Christian Anastasy, directeur général de l'ANAP :

Je dirige l'ANAP depuis sa création, le 1er avril 2009. Auparavant, j'ai été directeur d'hôpital, d'abord dans le secteur public, puis dans le privé commercial et dans celui des établissements de santé privés d'intérêt collectif (ESPIC). Pendant cette longue période, j'ai observé, dirigé, réorganisé des établissements sanitaires et médico-sociaux. En matière sanitaire, j'ai travaillé aussi bien dans le champ de la médecine, chirurgie, obstétrique (MCO) que dans celui de la psychiatrie. Avec un parcours aussi diversifié, j'ai naturellement été conduit à envisager de faire carrière à l'ANAP.

Au sujet de la CNSA, je me dois de rappeler que nous n'avons pas avec cette institution des relations égalitaires, puisque la Caisse occupe un siège à notre conseil d'administration. La gouvernance de l'ANAP est par ailleurs oecuménique : outre l'État, représenté par cinq directions d'administration centrale – la direction générale de l'offre de soins (DGOS) et celle de la cohésion sociale (DGCS) ; la direction de la sécurité sociale ; la direction du budget ; le secrétariat général des ministères chargés des affaires sociales –, siègent également à ce conseil notre financeur principal, l'assurance maladie, ainsi que notre financeur secondaire, la CNSA – qui apporte 3 % de notre budget de 30 millions d'euros –, ainsi que l'ensemble des fédérations du secteur sanitaire et médico-social : la Fédération hospitalière de France (FHF), la Fédération de l'hospitalisation privée (FHP), la Fédération des établissements hospitaliers et d'aide à la personne (FEHAP), la Fédération nationale des établissements d'hospitalisation à domicile (FNEHAD), l'Union nationale interfédérale des oeuvres et organismes privés sanitaires et sociaux (UNIOPSS), la Fédération nationale des centres de lutte contre le cancer (FNCLCC) et le Syndicat national des établissements et résidences privés pour personnes âgées (SYNERPA).

Comme l'ensemble des administrateurs, la CNSA participe à la définition du programme de travail de l'Agence, établi chaque année.
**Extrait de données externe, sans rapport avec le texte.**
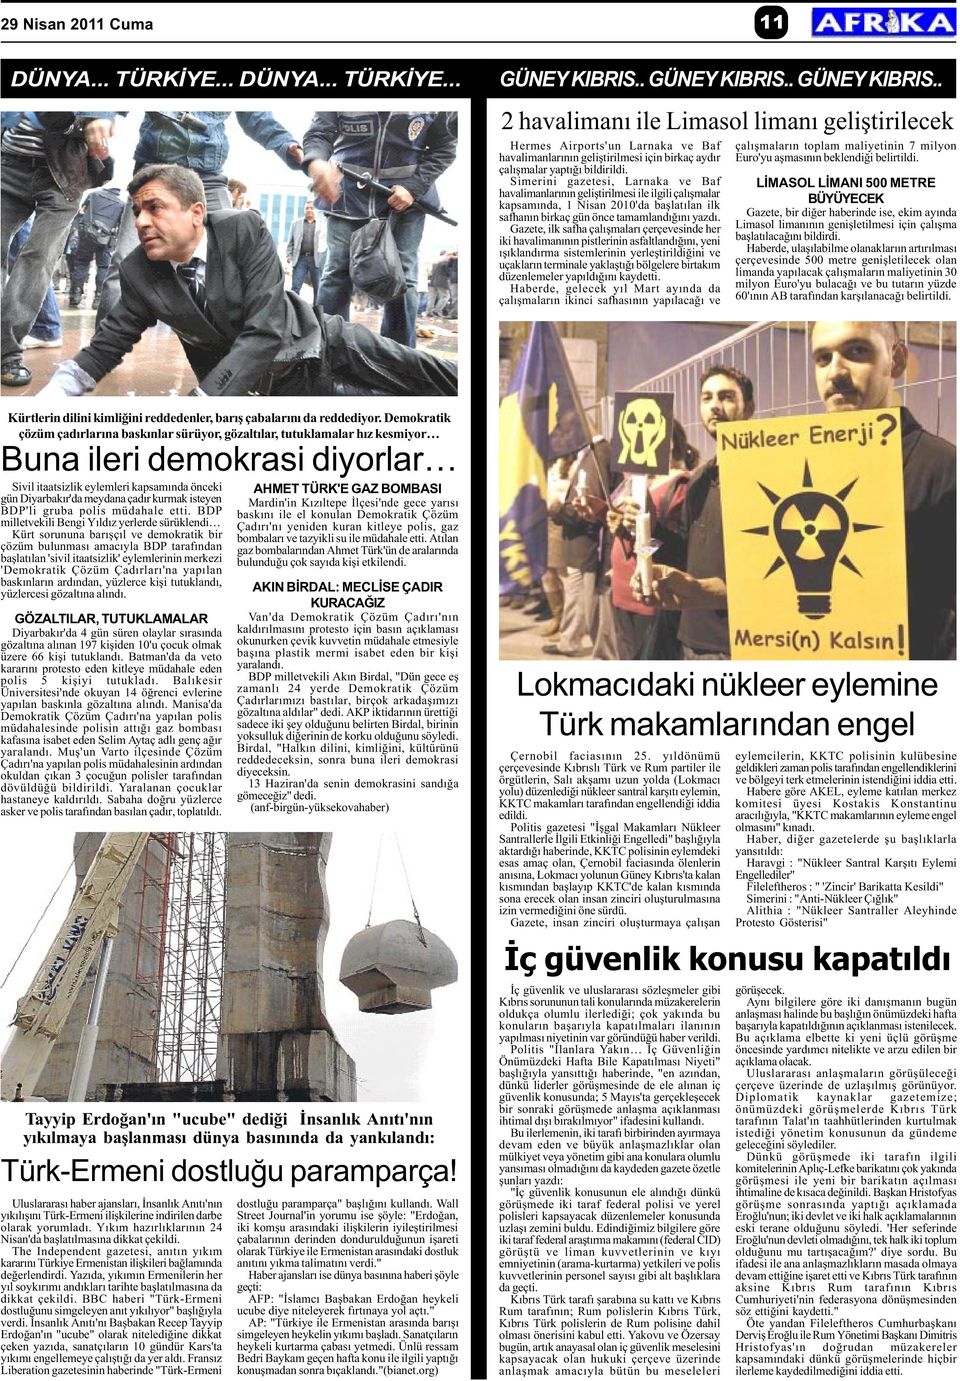 Simerini gazetesi, Larnaka ve Baf havalimanlarýnýn geliþtirilmesi ile ilgili çalýþmalar kapsamýnda, 1 Nisan 2010'da baþlatýlan ilk safhanýn birkaç gün önce tamamlandýðýný yazdý.

L'ANAP hiérarchise les commandes en fonction de ses compétences – ainsi, les problèmes de qualité seront plutôt renvoyés à la Haute Autorité de santé (HAS) ou à l'Agence nationale de l'évaluation et de la qualité des établissements et services sociaux et médico-sociaux (ANESM) – et de l'effet escompté sur les 3 000 établissements sanitaires et les 30 000 établissements et services médico-sociaux (ESMS).

Dès l'origine, la CNSA nous avait demandé de réfléchir aux moyens de mieux apprécier la performance des ESMS, qui occupent un champ très vaste. En effet, si, dans certains domaines, on mesure assez bien la lourdeur de la prise en charge – c'est le cas s'agissant des personnes âgées, grâce aux grilles AGGIR (autonomie gérontologie groupe iso-ressources) et PATHOS –, les indicateurs sont inexistants pour les personnes handicapées.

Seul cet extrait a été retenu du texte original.